Would you return, word for word, the lines running from the one with "Carl Auböck Midcentury" to the final line of the listing below, pictures omitted?

• **Data extract**
---*---
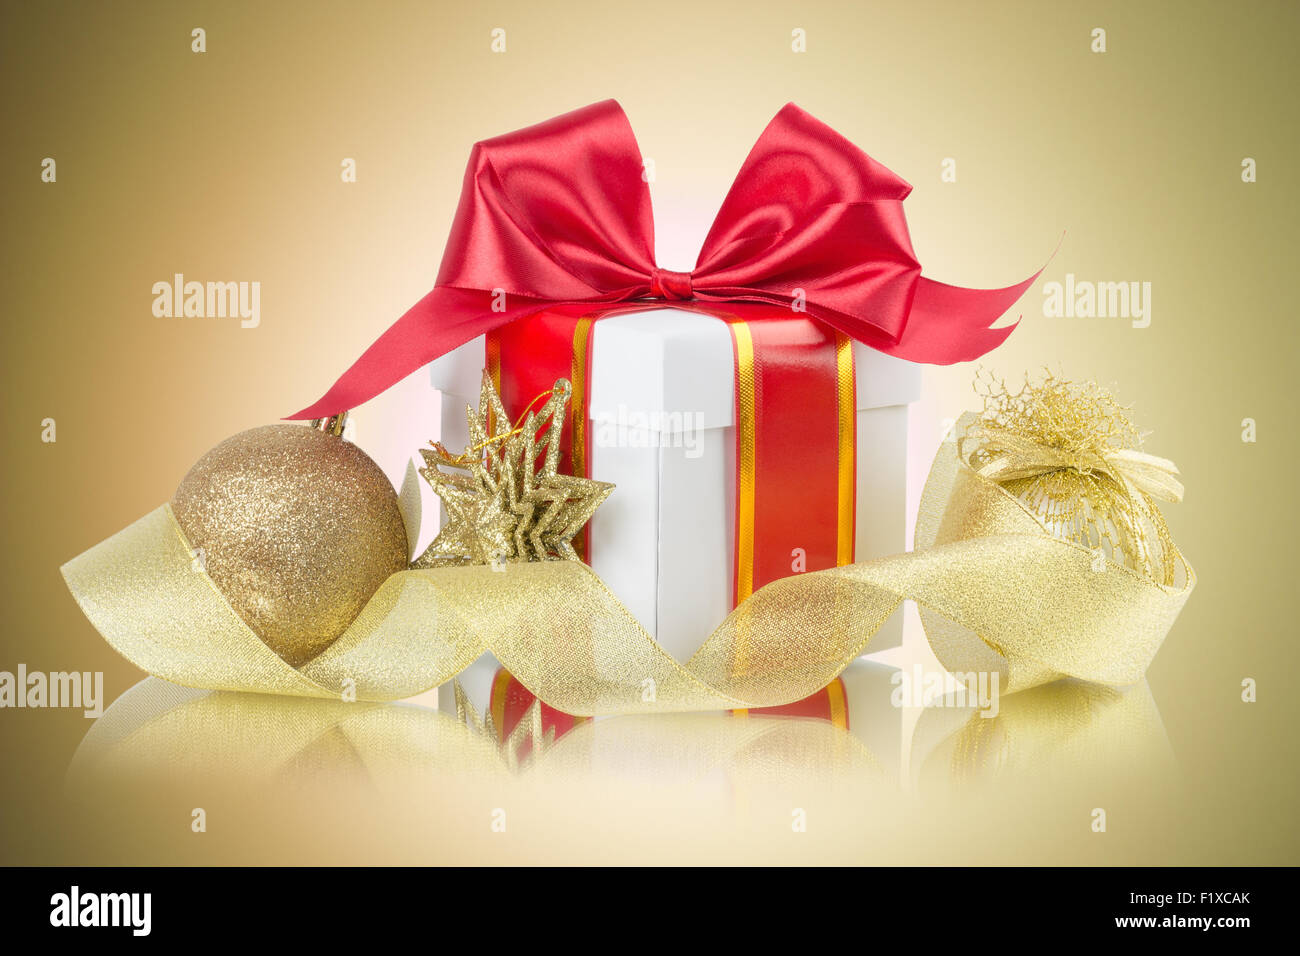 gift box with bow and christmas balls. Stock Photo
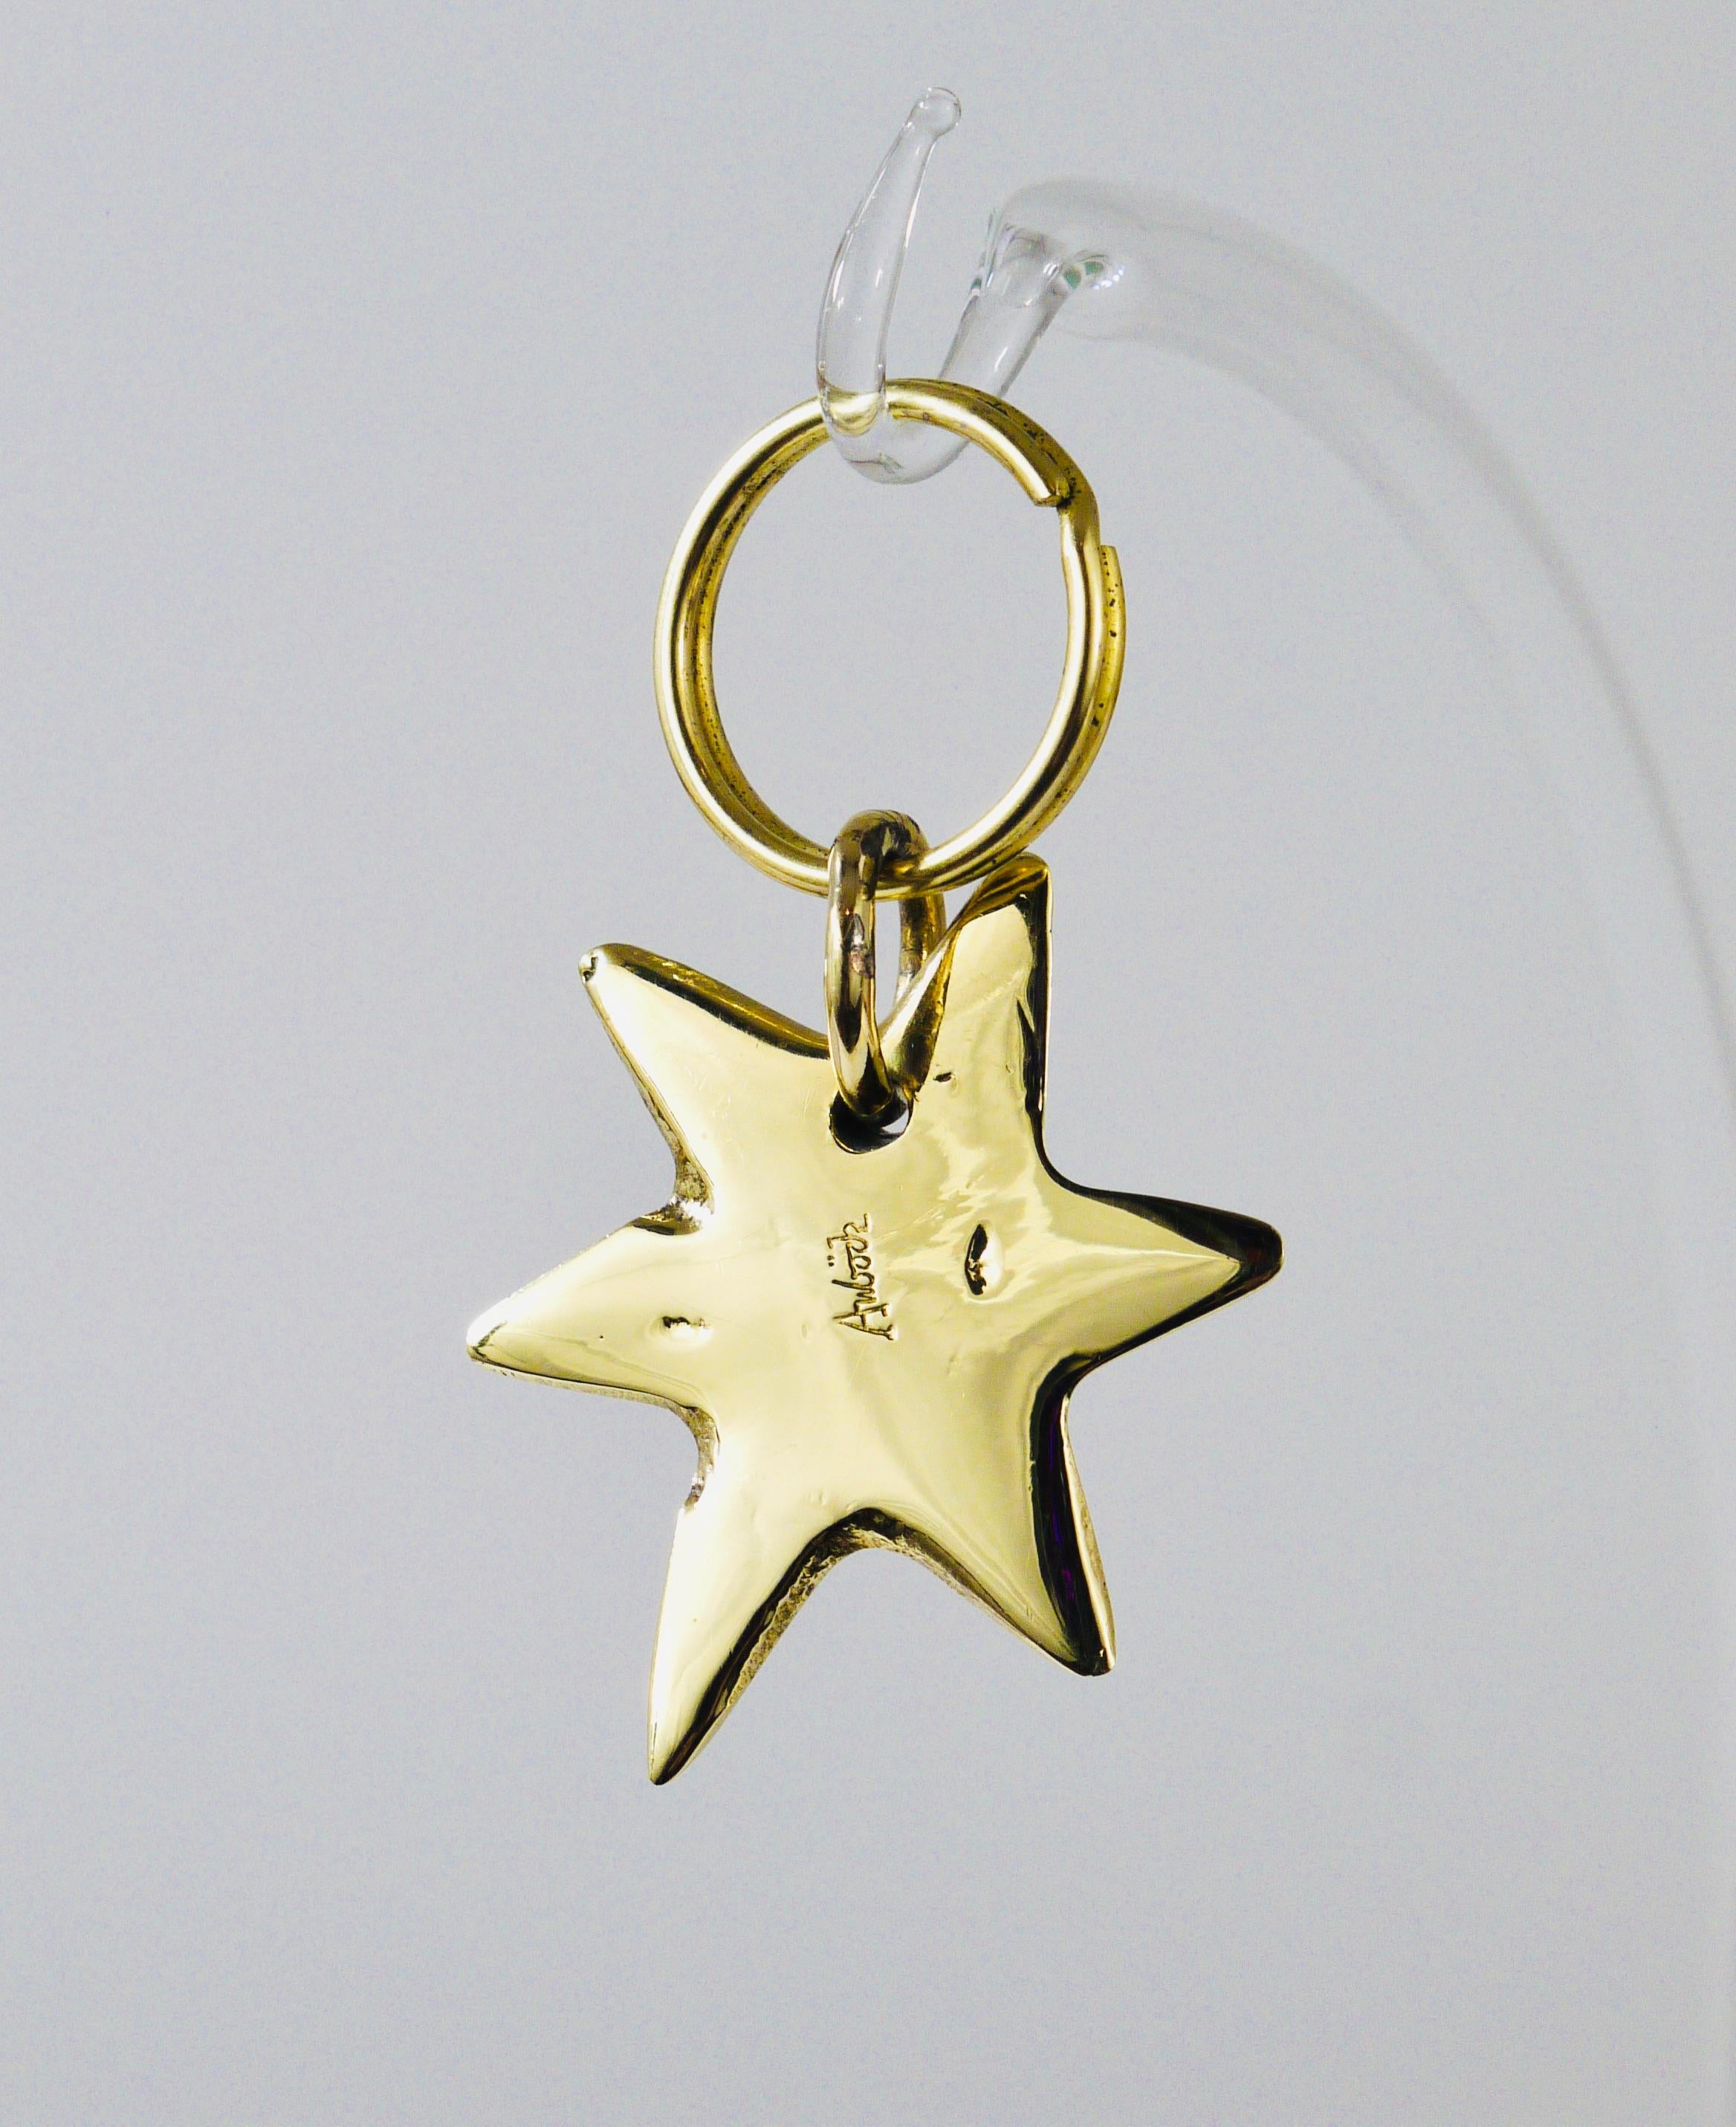 Carl Auböck Midcentury Brass Star Sea Star Starfish Key Ring Chain Holder In Excellent Condition For Sale In Vienna, AT
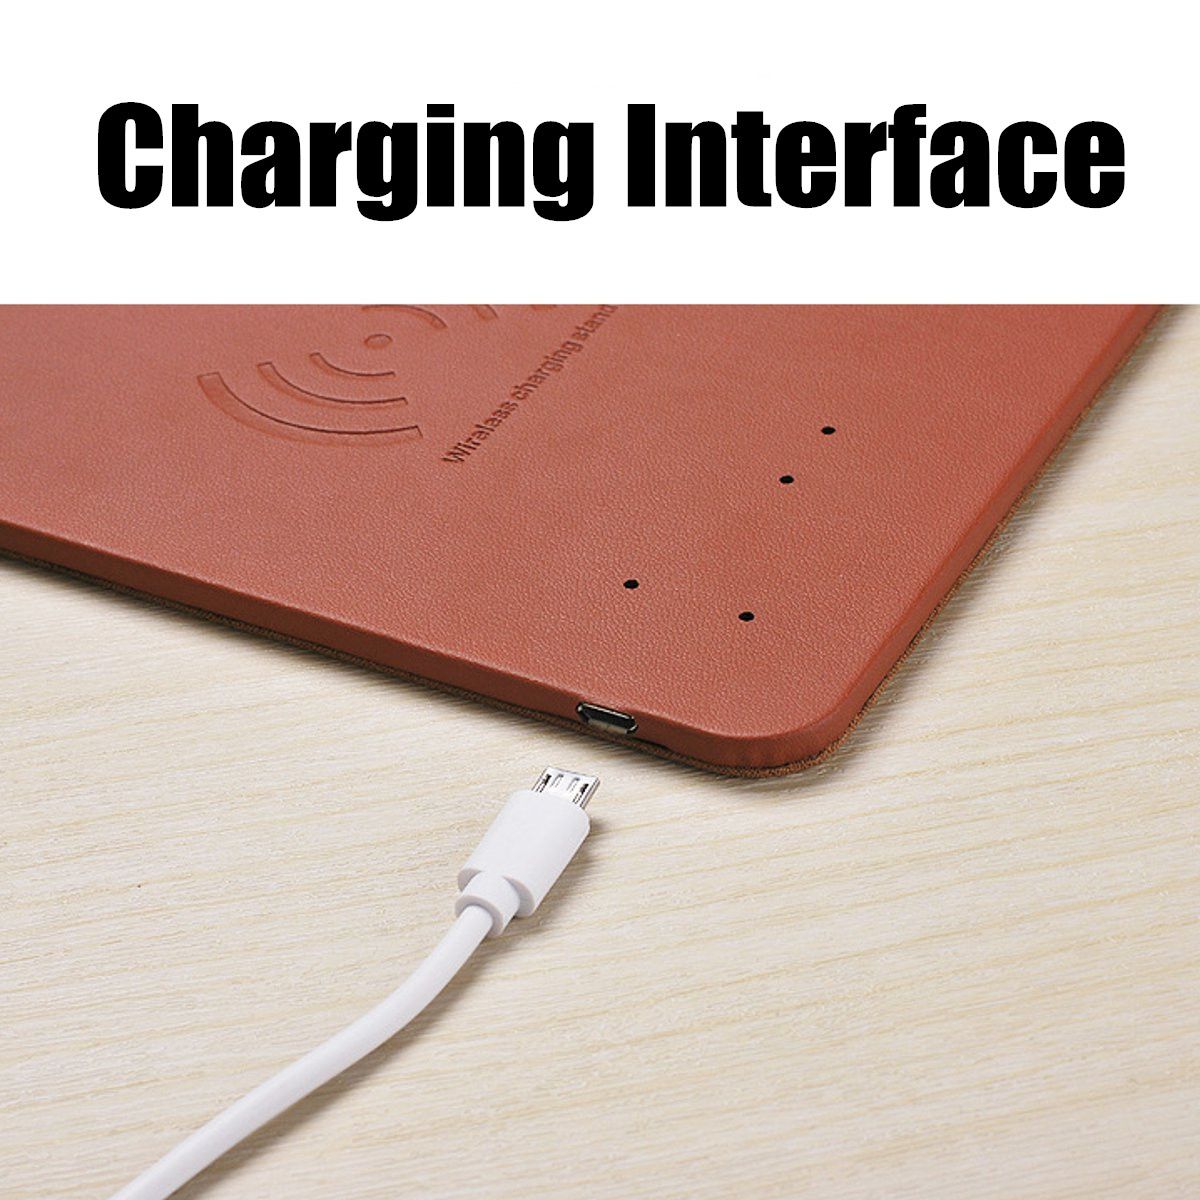 Imitation-Leather-Mobile-Phones-Wireless-Fast-Charger-Mouse-Pad-Qi-Wireless-Charging-1316737
---*---
• **Answer to this exercise**
 Carl Auböck Midcentury Brass Star Sea Star Starfish Key Ring Chain Holder In Excellent Condition For Sale In Vienna, AT
 Imitation-Leather-Mobile-Phones-Wireless-Fast-Charger-Mouse-Pad-Qi-Wireless-Charging-1316737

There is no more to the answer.